EXERCISE: Would you please output the data exactly, omitting no line?

RECORDS FOR THIS TASK:
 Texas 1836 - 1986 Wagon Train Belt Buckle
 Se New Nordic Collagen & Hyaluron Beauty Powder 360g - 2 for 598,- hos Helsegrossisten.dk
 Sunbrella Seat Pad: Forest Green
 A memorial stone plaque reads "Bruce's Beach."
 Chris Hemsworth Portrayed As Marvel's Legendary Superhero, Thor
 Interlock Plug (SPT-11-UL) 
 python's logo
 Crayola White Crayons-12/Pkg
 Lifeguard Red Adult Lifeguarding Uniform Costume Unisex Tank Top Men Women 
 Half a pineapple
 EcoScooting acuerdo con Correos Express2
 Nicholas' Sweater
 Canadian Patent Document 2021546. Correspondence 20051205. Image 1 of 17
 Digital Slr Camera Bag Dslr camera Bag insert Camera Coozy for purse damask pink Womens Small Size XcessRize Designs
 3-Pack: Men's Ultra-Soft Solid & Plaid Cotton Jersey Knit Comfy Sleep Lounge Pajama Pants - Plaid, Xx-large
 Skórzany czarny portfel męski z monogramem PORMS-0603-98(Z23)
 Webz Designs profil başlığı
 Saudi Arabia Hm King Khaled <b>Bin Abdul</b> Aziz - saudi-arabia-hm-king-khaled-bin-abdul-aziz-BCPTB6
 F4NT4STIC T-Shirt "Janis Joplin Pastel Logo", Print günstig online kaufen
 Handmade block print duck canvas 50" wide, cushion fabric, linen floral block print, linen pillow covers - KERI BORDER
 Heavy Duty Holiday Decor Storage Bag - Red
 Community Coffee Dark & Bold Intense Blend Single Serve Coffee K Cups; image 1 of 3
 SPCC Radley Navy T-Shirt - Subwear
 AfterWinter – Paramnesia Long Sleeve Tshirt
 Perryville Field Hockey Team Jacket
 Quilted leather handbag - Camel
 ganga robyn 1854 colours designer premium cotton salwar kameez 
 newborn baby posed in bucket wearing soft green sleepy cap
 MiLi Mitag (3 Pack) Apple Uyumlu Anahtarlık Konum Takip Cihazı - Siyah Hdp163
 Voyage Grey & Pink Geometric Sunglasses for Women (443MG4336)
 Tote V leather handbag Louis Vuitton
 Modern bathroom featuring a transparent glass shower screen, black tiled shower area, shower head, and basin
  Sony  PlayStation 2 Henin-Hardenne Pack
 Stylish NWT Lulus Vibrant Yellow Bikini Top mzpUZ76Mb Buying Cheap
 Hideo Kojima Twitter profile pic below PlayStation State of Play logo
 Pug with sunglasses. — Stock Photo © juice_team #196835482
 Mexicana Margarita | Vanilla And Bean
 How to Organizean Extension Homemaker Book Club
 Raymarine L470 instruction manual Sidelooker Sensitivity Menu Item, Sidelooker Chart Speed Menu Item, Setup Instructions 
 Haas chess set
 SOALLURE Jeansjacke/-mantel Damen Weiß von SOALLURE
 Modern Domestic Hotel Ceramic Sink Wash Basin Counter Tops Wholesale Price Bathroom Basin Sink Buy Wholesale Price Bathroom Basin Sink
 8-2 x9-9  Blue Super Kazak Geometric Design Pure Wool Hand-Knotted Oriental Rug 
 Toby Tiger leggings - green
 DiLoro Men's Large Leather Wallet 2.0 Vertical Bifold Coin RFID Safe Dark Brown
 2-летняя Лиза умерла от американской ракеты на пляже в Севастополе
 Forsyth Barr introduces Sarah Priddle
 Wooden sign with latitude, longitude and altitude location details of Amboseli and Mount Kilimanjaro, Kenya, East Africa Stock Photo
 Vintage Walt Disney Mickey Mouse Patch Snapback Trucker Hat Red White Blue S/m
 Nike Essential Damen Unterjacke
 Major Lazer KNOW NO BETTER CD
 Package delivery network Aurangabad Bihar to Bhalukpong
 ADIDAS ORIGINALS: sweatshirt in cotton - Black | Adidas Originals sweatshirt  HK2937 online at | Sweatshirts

ANSWER SPACE:
 Texas 1836 - 1986 Wagon Train Belt Buckle
 Se New Nordic Collagen & Hyaluron Beauty Powder 360g - 2 for 598,- hos Helsegrossisten.dk
 Sunbrella Seat Pad: Forest Green
 A memorial stone plaque reads "Bruce's Beach."
 Chris Hemsworth Portrayed As Marvel's Legendary Superhero, Thor
 Interlock Plug (SPT-11-UL) 
 python's logo
 Crayola White Crayons-12/Pkg
 Lifeguard Red Adult Lifeguarding Uniform Costume Unisex Tank Top Men Women 
 Half a pineapple
 EcoScooting acuerdo con Correos Express2
 Nicholas' Sweater
 Canadian Patent Document 2021546. Correspondence 20051205. Image 1 of 17
 Digital Slr Camera Bag Dslr camera Bag insert Camera Coozy for purse damask pink Womens Small Size XcessRize Designs
 3-Pack: Men's Ultra-Soft Solid & Plaid Cotton Jersey Knit Comfy Sleep Lounge Pajama Pants - Plaid, Xx-large
 Skórzany czarny portfel męski z monogramem PORMS-0603-98(Z23)
 Webz Designs profil başlığı
 Saudi Arabia Hm King Khaled <b>Bin Abdul</b> Aziz - saudi-arabia-hm-king-khaled-bin-abdul-aziz-BCPTB6
 F4NT4STIC T-Shirt "Janis Joplin Pastel Logo", Print günstig online kaufen
 Handmade block print duck canvas 50" wide, cushion fabric, linen floral block print, linen pillow covers - KERI BORDER
 Heavy Duty Holiday Decor Storage Bag - Red
 Community Coffee Dark & Bold Intense Blend Single Serve Coffee K Cups; image 1 of 3
 SPCC Radley Navy T-Shirt - Subwear
 AfterWinter – Paramnesia Long Sleeve Tshirt
 Perryville Field Hockey Team Jacket
 Quilted leather handbag - Camel
 ganga robyn 1854 colours designer premium cotton salwar kameez 
 newborn baby posed in bucket wearing soft green sleepy cap
 MiLi Mitag (3 Pack) Apple Uyumlu Anahtarlık Konum Takip Cihazı - Siyah Hdp163
 Voyage Grey & Pink Geometric Sunglasses for Women (443MG4336)
 Tote V leather handbag Louis Vuitton
 Modern bathroom featuring a transparent glass shower screen, black tiled shower area, shower head, and basin
  Sony  PlayStation 2 Henin-Hardenne Pack
 Stylish NWT Lulus Vibrant Yellow Bikini Top mzpUZ76Mb Buying Cheap
 Hideo Kojima Twitter profile pic below PlayStation State of Play logo
 Pug with sunglasses. — Stock Photo © juice_team #196835482
 Mexicana Margarita | Vanilla And Bean
 How to Organizean Extension Homemaker Book Club
 Raymarine L470 instruction manual Sidelooker Sensitivity Menu Item, Sidelooker Chart Speed Menu Item, Setup Instructions 
 Haas chess set
 SOALLURE Jeansjacke/-mantel Damen Weiß von SOALLURE
 Modern Domestic Hotel Ceramic Sink Wash Basin Counter Tops Wholesale Price Bathroom Basin Sink Buy Wholesale Price Bathroom Basin Sink
 8-2 x9-9  Blue Super Kazak Geometric Design Pure Wool Hand-Knotted Oriental Rug 
 Toby Tiger leggings - green
 DiLoro Men's Large Leather Wallet 2.0 Vertical Bifold Coin RFID Safe Dark Brown
 2-летняя Лиза умерла от американской ракеты на пляже в Севастополе
 Forsyth Barr introduces Sarah Priddle
 Wooden sign with latitude, longitude and altitude location details of Amboseli and Mount Kilimanjaro, Kenya, East Africa Stock Photo
 Vintage Walt Disney Mickey Mouse Patch Snapback Trucker Hat Red White Blue S/m
 Nike Essential Damen Unterjacke
 Major Lazer KNOW NO BETTER CD
 Package delivery network Aurangabad Bihar to Bhalukpong
 ADIDAS ORIGINALS: sweatshirt in cotton - Black | Adidas Originals sweatshirt  HK2937 online at | Sweatshirts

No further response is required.